Can Anyone Meaningfully Opt-Out of an AI-Driven Future?

By Odia Kane

June 10, 2026

Messaging from Silicon Valley about the omnipresence of AI in everything from our jobs to our personal decisions tells us it’s only a matter of time before AI agents supplant thinking itself. This insistence has pushed people to hop on the “AI train” out of the fear of being left behind, and with little clarity on where their participation will take them. Meanwhile, Big Tech’s aggressive push for an AI-driven world also serves to limit our autonomy and inhibit our ability to challenge their vision. Amid all of this, what does meaningful consent look like? And what would it look like to meaningfully opt out? 

In human subjects research, the informed consent model offers some insight into these questions. Informed consent gives research participants meaningful insight into a study’s objectives, the research procedure, data security processes, and the potential risks and benefits to participation. For nearly all studies, this also includes the right to revoke consent at any time. This means the participant has a sense of the project’s goals and limits, is informed about how their information is stored, and understands that they can stop providing their data. 

But as scientists across a range of disciplines leverage AI-powered technologies to conduct research, their use of AI has complicated human subjects research and challenged the traditional informed consent model. For example, digital biomarker studies combine extracted smartphone data (e.g. geolocation, call logs, screentime, etc.) and machine learning to predict outcomes for various mental health conditions. Examining subjects’ passive and subconscious behavior with smartphones is different than taking a person’s vitals or having them complete a survey; exactly how those algorithmic inferences are made is, for the most part, still a “black box.” In these cases, informed consent is elusive: researchers must explain the risks associated with using AI tools, like inadvertent AI bias in results or a lack of control over how companies might use collected data (for example, a company’s automatic AI transcription of virtual interviews). 

Outside of the health and research context, governments have wrestled with meaningful opt-out procedures (like the GDPR “right to be forgotten”) and experts have noted how challenging this is to do in practice. For unregulated direct-to-consumer mobile applications or digital services, meaningful opt-out is virtually non-existent. It is well-documented that the majority of internet users do not read disclosures and content-dense Terms and Conditions statements before using new apps. More than ten years ago, Shoshana Zuboff coined the term surveillance capitalism to describe how the use of big data to predict and modify human behavior is leveraged to produce revenue and market control, focusing on Google. Now, as datasets are even larger, and generative AI is used to sell products, influence behaviors, and predict outcomes in nearly every sector, we must ask: Can patients or research subjects be meaningfully informed, meaningfully give consent, and meaningfully revoke consent? Can anyone who uses an AI-powered platform meaningfully control where that information lives, goes, and grows?

Most recommendations to limit excessive data collection hit the proverbial wall when implemented. Let’s consider two common ways to do so. First, commercial entities collect minimal information and allow users to turn off certain settings to prevent that data from being collected. The other option is for users to abstain from use if they want to completely avoid their information being collected or sold. Both options are based on false or incongruent choices. Even if an individual app collected “minimal information,” there are ways to leverage other apps to triangulate that information and fill gaps. For example, a person may turn off geolocation on social media, but it is always on for rideshare apps. The decision to abstain from the use of smartphones (and all of their conveniences) also forces a choice between data privacy and staying connected to one’s community, among other tradeoffs.

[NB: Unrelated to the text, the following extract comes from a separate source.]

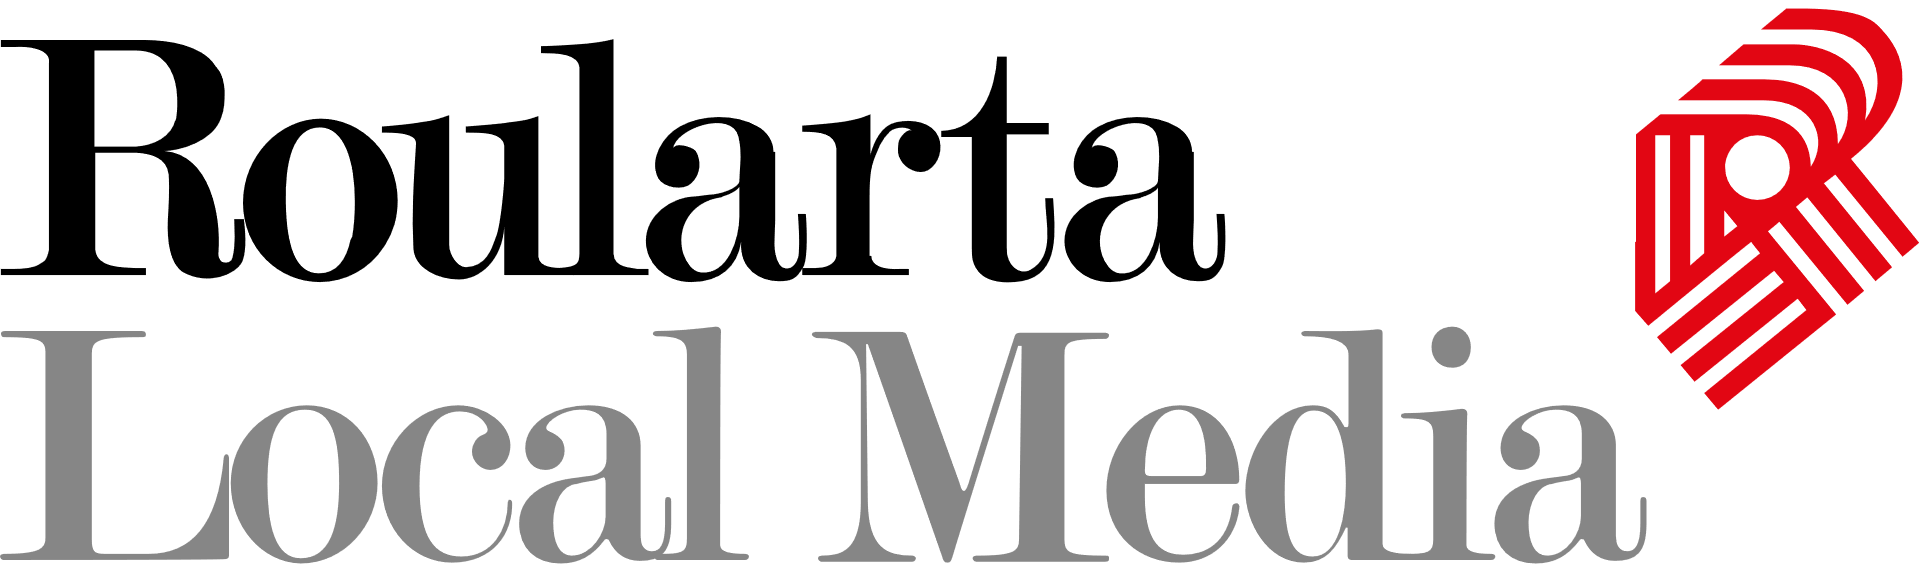 roularta local media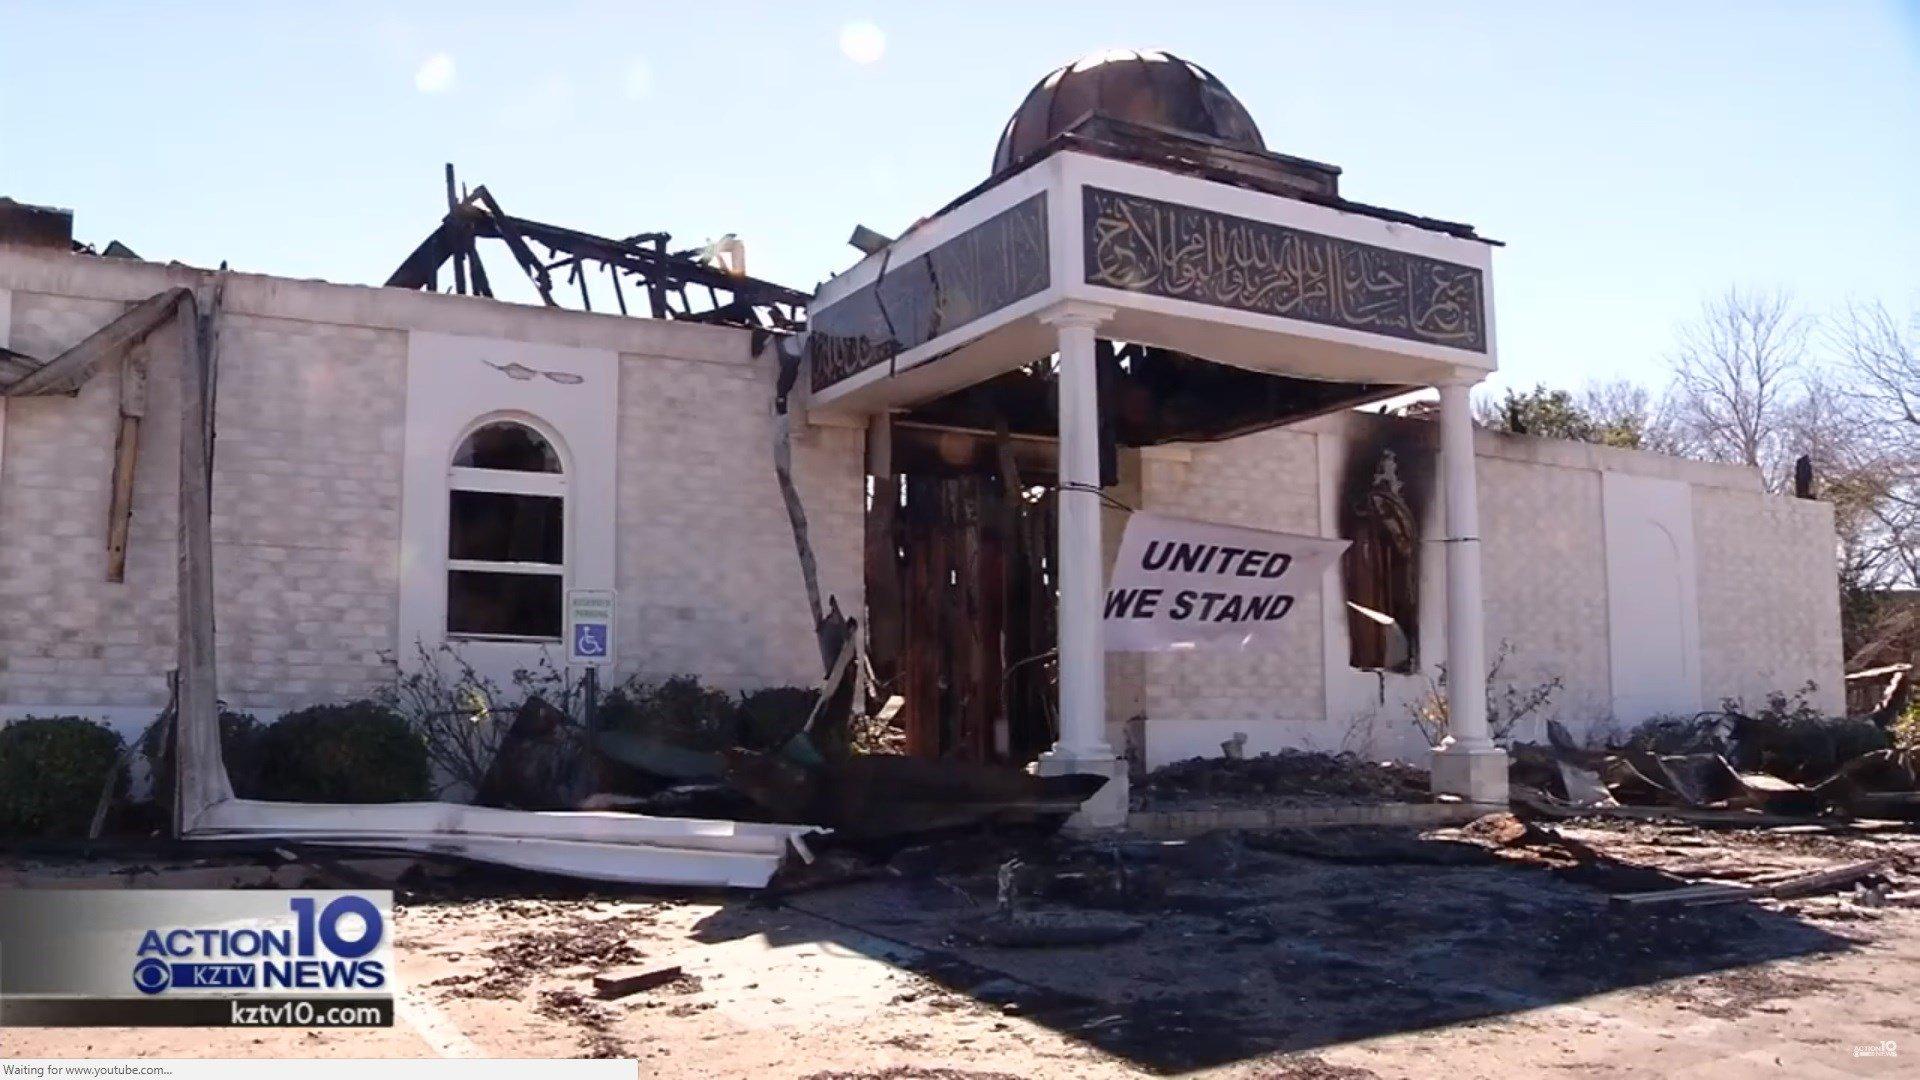 Victoria Islamic Center was set on fire on Jan. 28, 2017

As AI is integrated into more studies, it’s more important than ever to preserve informed consent in healthcare and human subjects research. Revamping informed consent processes is not unfamiliar, and the use of AI can push researchers to be better science communicators. For years, long, jargon-filled consent forms have left participants under-informed. Critiques of such forms inspired the development of supplementary materials, such as educational videos that explain the study in more detail. Should AI be used in a research project, it is important for investigators to be explicit about the relevant purposes of its use to the subject. Currently, universities are navigating partnerships with AI companies to both leverage the technology and prevent their institution’s user data from being used for model training. This allows researchers the opportunity to more clearly describe data protection methods and limitations, including the extent to which they can keep data protected from commercial entities.    

At the personal level, users and communities can determine their own boundaries. Some people have embraced “analog bags” as a way to engage in tangible, offline activities and reduce screen time. Others participate in tech-free/no phone gatherings that allow them to redirect focus on building connections in person. White collar workers are also resisting AI adoption. In California,  rideshare drivers have begun to organize against self-driving cars, expressing concerns about displacement and urging more regulation. 

As AI use increases, individuals will make more meaning about where and how AI fits into their lives. The challenge for institutions is retaining ways to obtain and provide meaningful consent for AI use wherever possible. It is also important to remember that we always have a say in our collective futures. These new boundaries in research settings, focused user disengagement, and organized resistance to AI show us there are avenues to meaningfully push back and say “no” — even if fully opting out seems impossible. 

Odia Kane, PhD, MPH, is an ethicist who investigates the appropriate uses of AI and develops frameworks for effective governance of AI systems.